The +typeInto+ method is a shorthand that simply clears a field and enters the specified text. If you prefer a more fluent-API style, you can also do something like this:


---------------------
@DefaultUrl("http://localhost:9000/somepage") 
public class FindAJobPage extends PageObject {
	WebElement keywordsField;
	WebElement searchButton;

	public FindAJobPage(WebDriver driver) {
	    super(driver);
	}

	public void look_for_jobs_with_keywords(String values) {
	    **enter(values).into(keywordsField);**
	    searchButton.click();
	}

	public List<String> getJobTabs() {
	    List<WebElement> tabs = getDriver().findElements(By.xpath("//div[@id='tabs']//a"));
	    return extract(tabs, on(WebElement.class).getText());
	}
}
---------------------

You can use an even more fluent style of expressing the implementation steps by using  methods like +find+, +findBy+  and +then+. 

For example, you can use webdriver "By" finders with element name, id, css selector or xpath selector as follows:


---------------------
page.find(By.name("demo")).then(By.name("specialField")).getValue();

page.find(By.cssSelector(".foo")).getValue();

page.find(By.xpath("//th")).getValue();
---------------------

You can also use +findBy+ method and pass the css or xpath selector directly. For example,


---------------------
page.findBy("#demo").then("#specialField").getValue(); //css selectors

page.findBy("//div[@id='dataTable']").getValue(); //xpath selector
---------------------

=== Using pages in a step library
 
When you need to use a page object in one of your steps, you just ask for one from the Page factory, providing the class of the page object you need, e.g.


---------------------
FindAJobPage page = getPages().get(FindAJobPage.class);
---------------------

If you want to make sure you are on the right page, you can use the +currentPageAt()+ method. This will check the page class for any +@At+ annotations present in the Page Object class and, if present, check that the current URL corresponds to the URL pattern specified in the annotation. For example, when you invoke it using +currentPageAt()+, the following Page Object will check that the current URL is precisely http://www.apache.org.


---------------------
@At("http://www.apache.org")
public class ApacheHomePage extends PageObject {
    ...
}      
---------------------

The +@At+ annotation also supports wildcards and regular expressions. The following page object will match any Apache sub-domain:


---------------------
@At("http://.*.apache.org")
public class AnyApachePage extends PageObject {
    ...
}             
---------------------

More generally, however, you are more interested in what comes after the host name. You can use the special +#HOST+ token to match any server name. So the following Page Object will match both http://localhost:8080/app/action/login.form an http://staging.acme.com/app/action/login.form. It will also ignore parameters, so http://staging.acme.com/app/action/login.form?username=toto&password=oz will work fine too.


---------------------
@At(urls={"#HOST/app/action/login.form"})
public class LoginPage extends PageObject {
   ...
}     
---------------------

=== Opening the page

A page object is usually designed to work with a particular web page. When the +open()+ method is invoked, the browser will be opened to the default URL for the page.

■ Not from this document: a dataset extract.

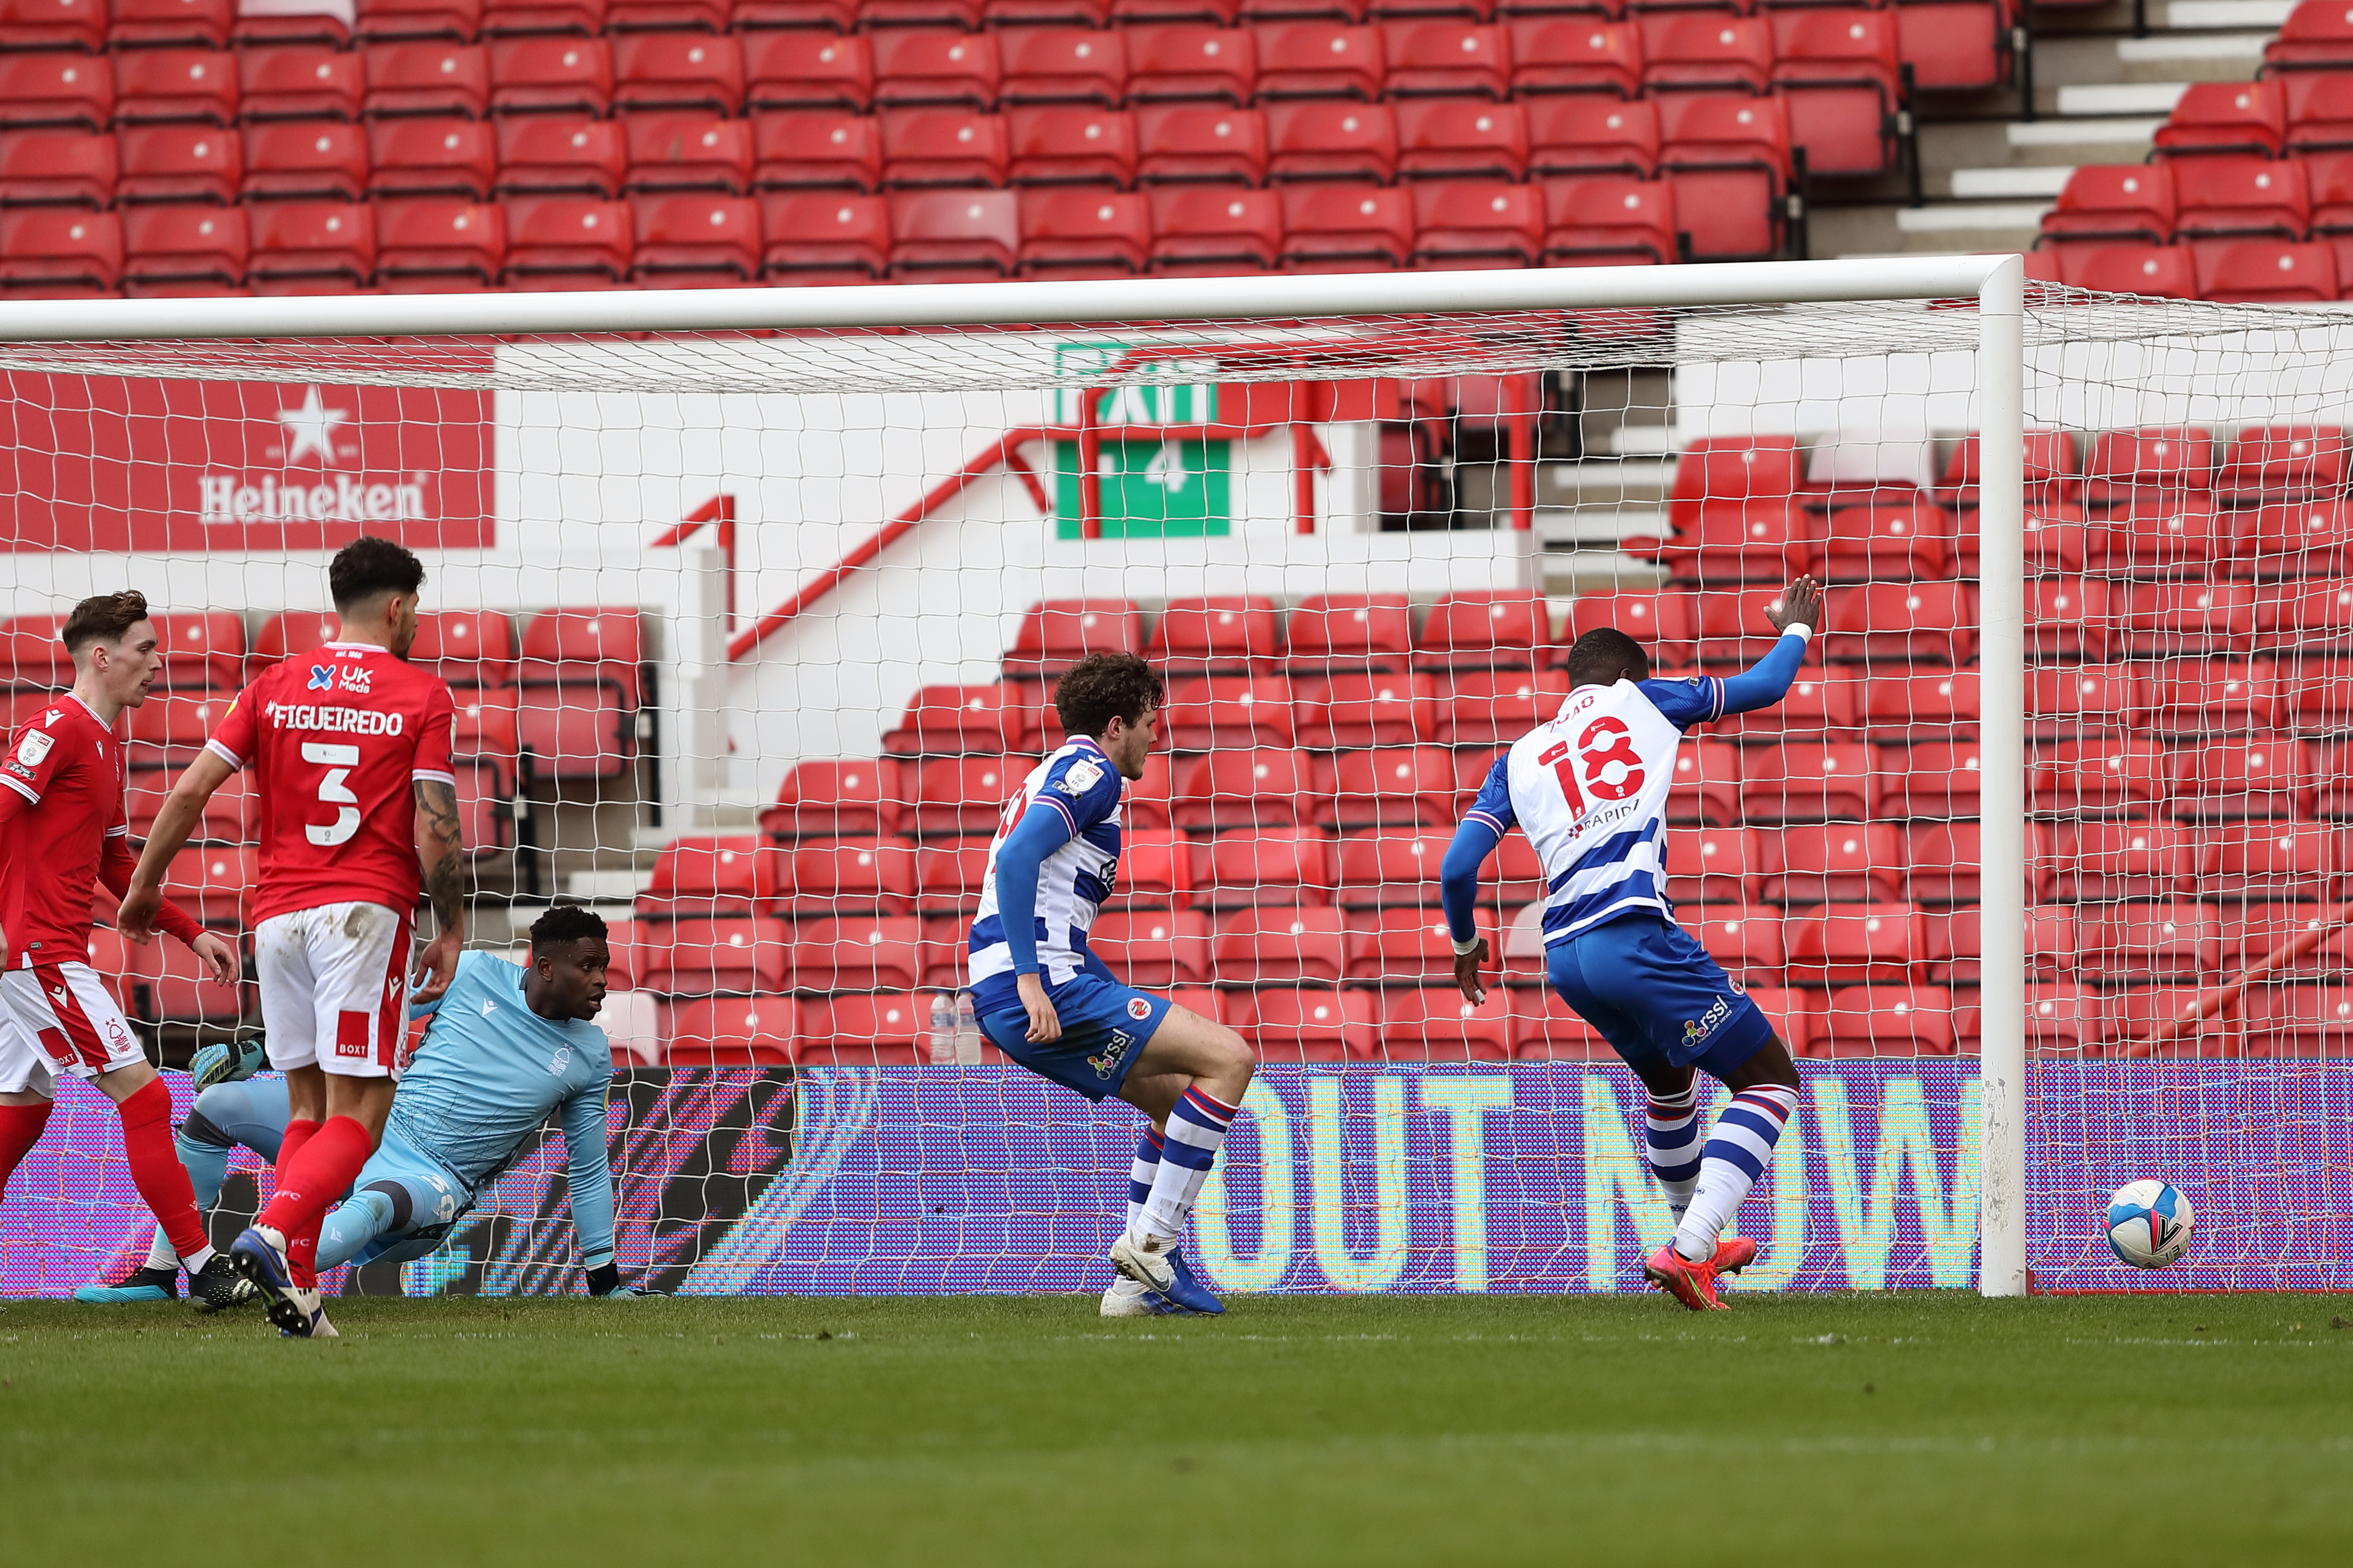 Nottingham Forest v Reading - Sky Bet Championship

The +@DefaultUrl+ annotation indicates the URL that this test should use when run in isolation (e.g. from within your IDE). Generally, however, the host part of the default URL will be overridden by the +webdriver.base.url+ property, as this allows you to set the base URL across the board for all of your tests, and so makes it easier to run your tests on different environments by simply changing this property value. For example, in the test class above, setting the +webdriver.base.url+ to 'https://staging.mycompany.com' would result in the page being opened at the URL of 'https://staging.mycompany.com/somepage'.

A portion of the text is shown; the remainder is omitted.